* What the task asks
Word for word, copy all the data and drop the pictures.

* Supplied data
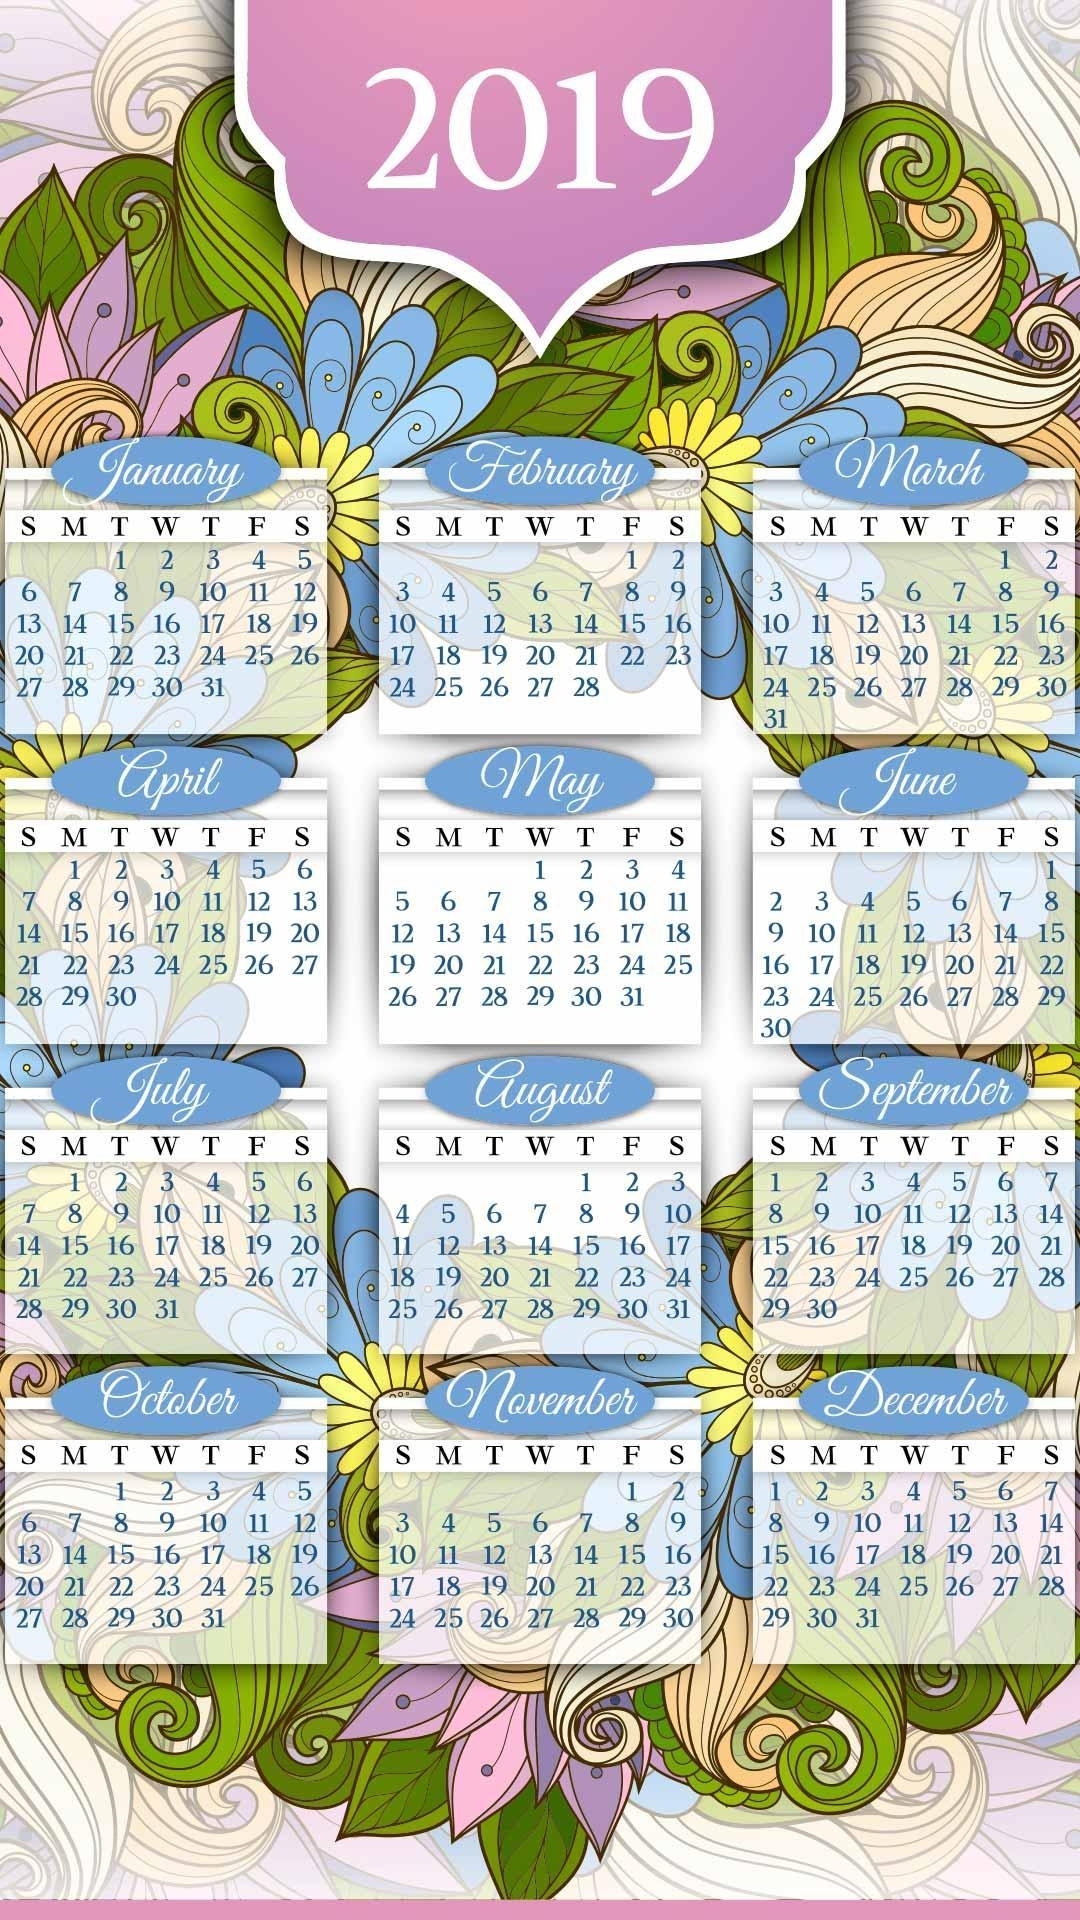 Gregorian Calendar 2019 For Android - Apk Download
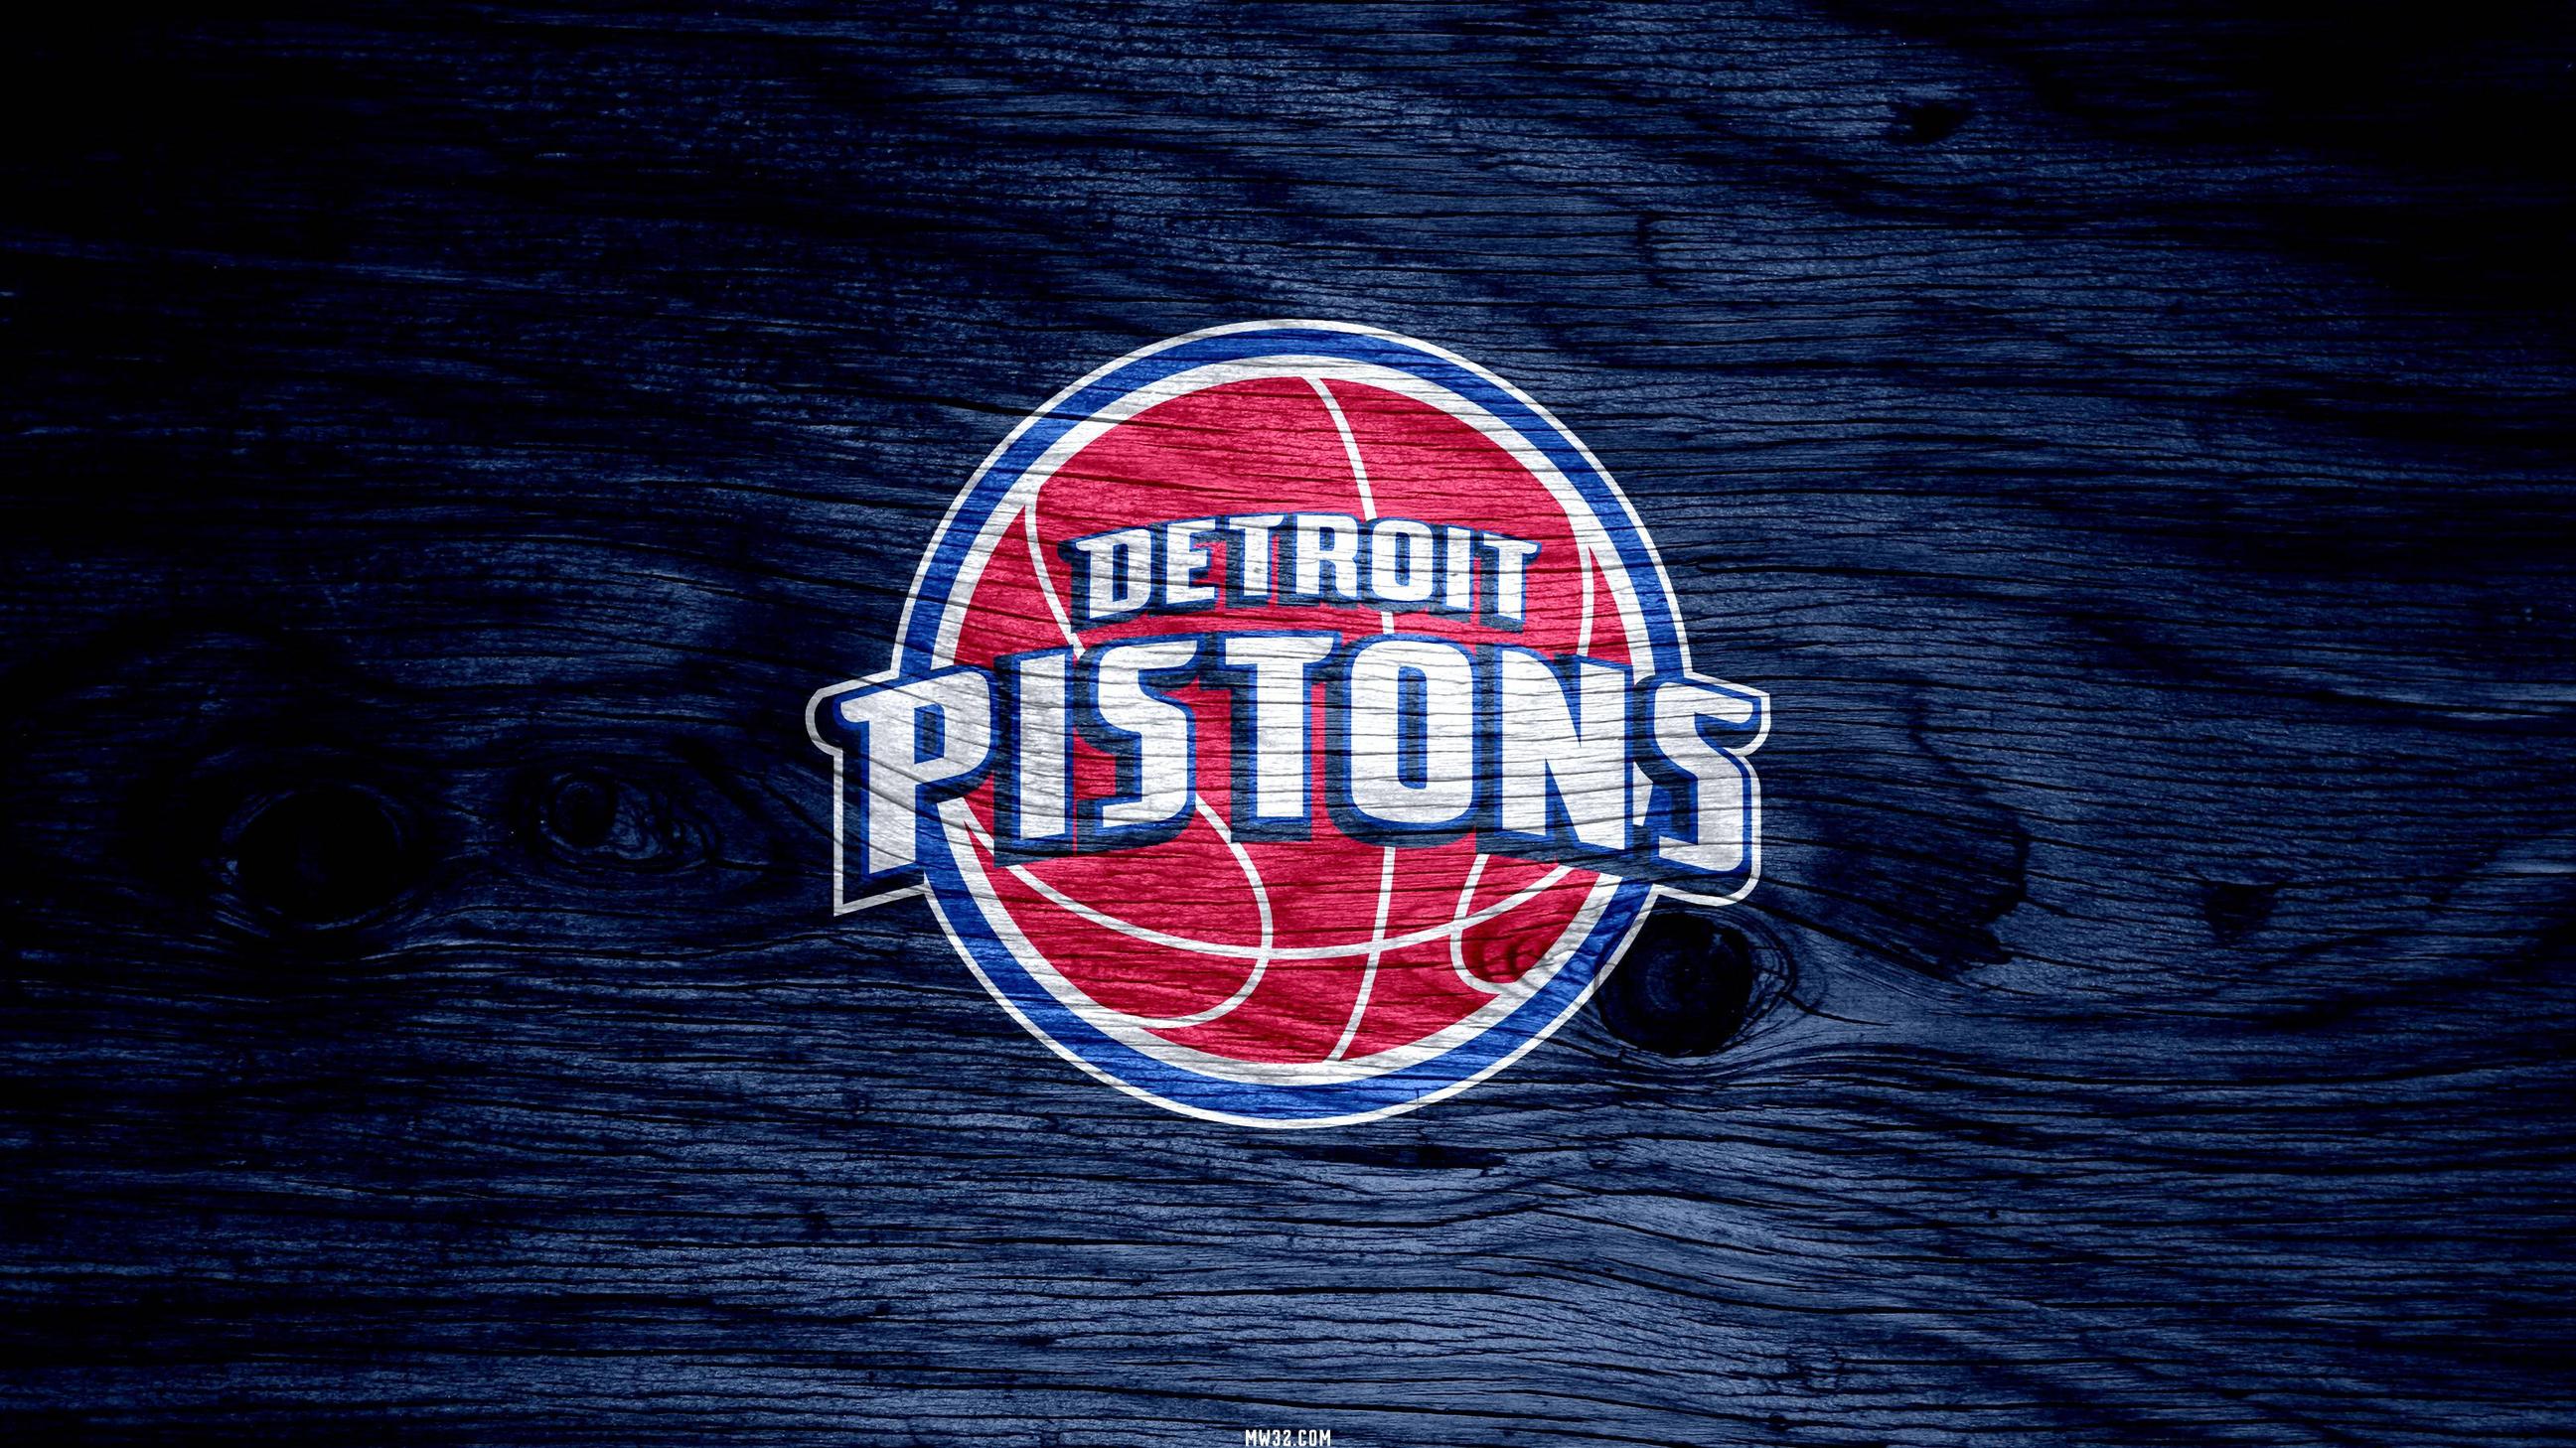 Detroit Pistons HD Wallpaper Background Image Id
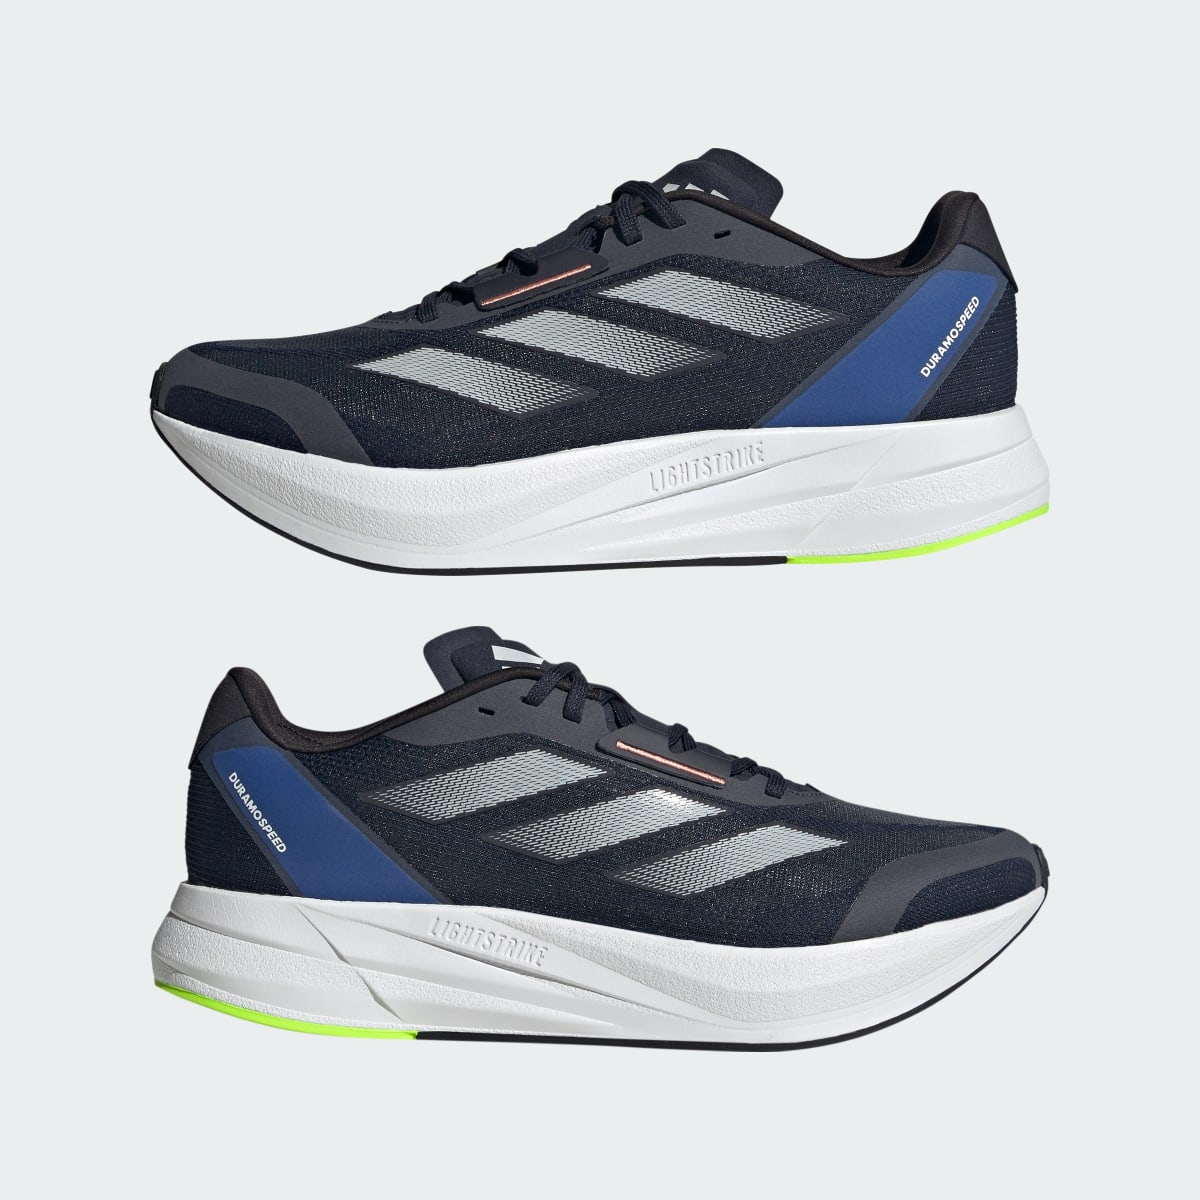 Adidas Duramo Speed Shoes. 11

* Answer to the problem
 Gregorian Calendar 2019 For Android - Apk Download
 Detroit Pistons HD Wallpaper Background Image Id
 Adidas Duramo Speed Shoes. 11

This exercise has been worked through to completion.